Parlor Spider...Step In, Little Fly

Insightful thoughts and/or rants from atop the soapbox from one who wishes to share the "right" opinion with everyone.

Friday, September 16, 2011

How About Trying Grecian Formula?






No Longer Appealing

There's just something about the word "spa" that conjures up vibrant, healthy skin and body tone for all of us as well as a more youthful appearance. Generally, however, the closest most people come to a real spa is the thing that turns on the jets in a whirlpool bathtub...and it's probably just as well. The aging process will get us eventually, despite botox and cosmetic surgeries and spa treatments, so it's best not to be too concerned. Even when people say, "you haven't changed," we know they're lying just so we have to say the same to them.
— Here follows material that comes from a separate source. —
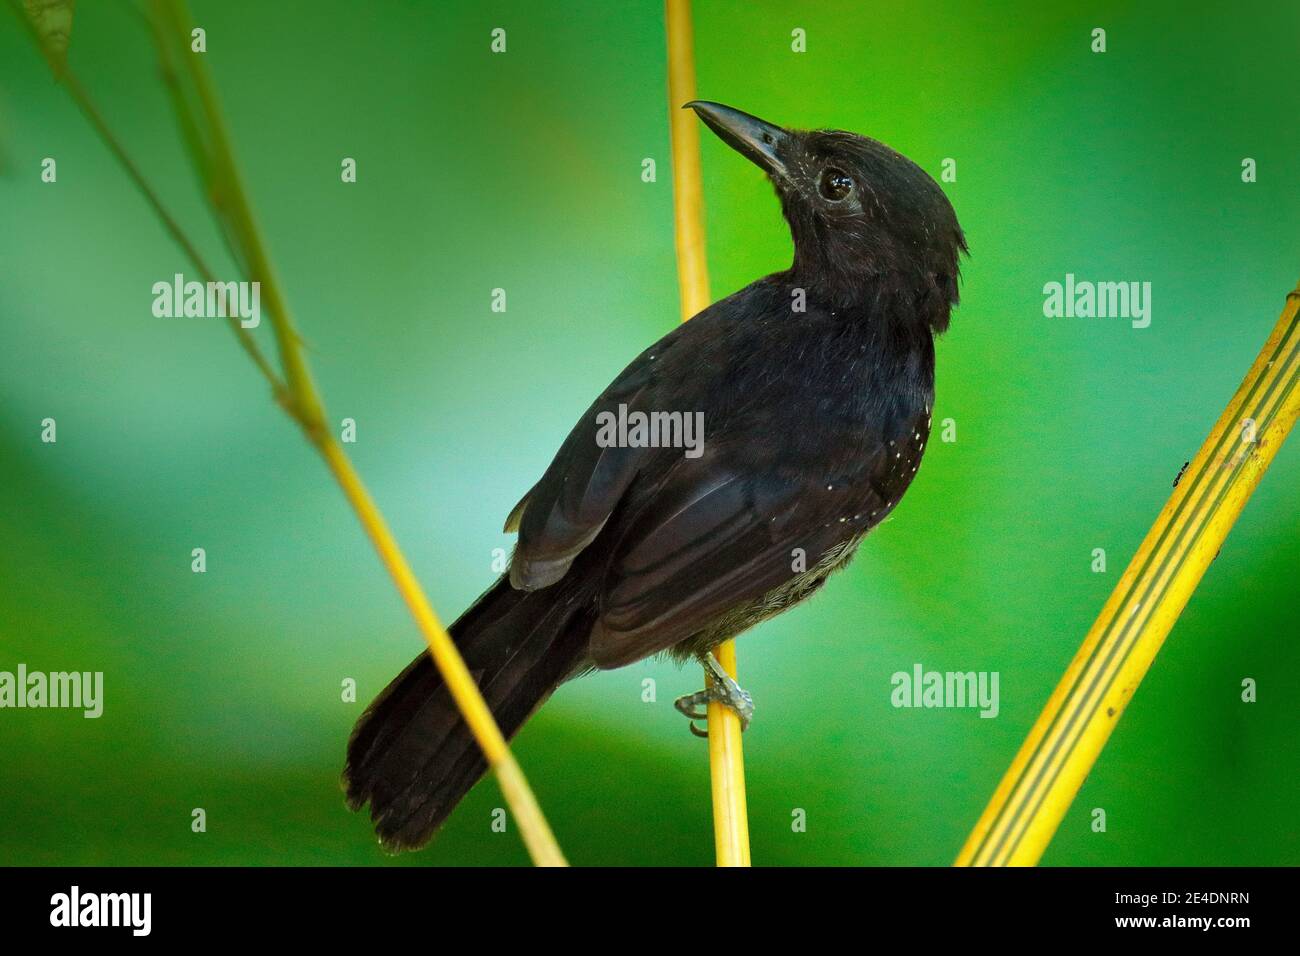 Black-hooded antshrike, Thamnophilus bridgesi, Black bird in green forest tropic vegetation, animal in the habitat, Costa Rica. Antshrike sitting on t Stock Photo

So, people rush to have spa treatments designed to rid them of all that they find distasteful about themselves in hopes of attracting needed attention. But I'm drawing the line at calluses.
There was this fashion trend a year or so ago that featured little fish that sucked the calluses off one's feet to make them baby-bottom smooth (only to get callused again, of course). I thought the idea was entertaining, wrote about it, and even almost stepped into one while visiting in Greece not too long ago. The tickling sensation would have been rather cool, and God knows I have more than enough calluses after running all my life so that the fish would be in a Nirvana-like state. There was just something about it...
it seems, though, that this isn't even the most radical aquatic-based spa treatment, a fact that one man in China found out to his incredibly discomfort.
Zhang Nan, 56, of Hubei Province in China, went to a spa in hopes of ridding himself of all the weathered and worn skin so he would look younger, according to a report in the Los Angeles Times (noted for its Chinese news coverage). Anyway, Nan apparently wanted a full-body treatment so he allowed himself to be immersed in a tank filled with callus-sucking eels. Imagine his consternation when he felt a sharp pain and discovered a (this next part is NOT for the squeamish men in the audience) six-inch eel working its way into his penis! The darn thing being slippery and eel-like, Nan could not get a good grip, and the little devil slithered right into his bladder...removed only through surgery. That HAS to be worse that the little kid batting a wiffle ball into that same area on Dad. But there's more.
Apparently, there is a species of catfish that does this all the time! According to the parasitology department at Kansas State University, somewhere along the Amazon, there is a catfish that will get into a man's penis if said man stops to urinate into a body of water! I know! Incredible: standing there, minding to one's "business," and ZOOM just like that: a catfish has migrated upstream, as it were. Holy moly! Who knew fish could be such an invasive species?
I'm definitely checking every body of water into which I aim from now on.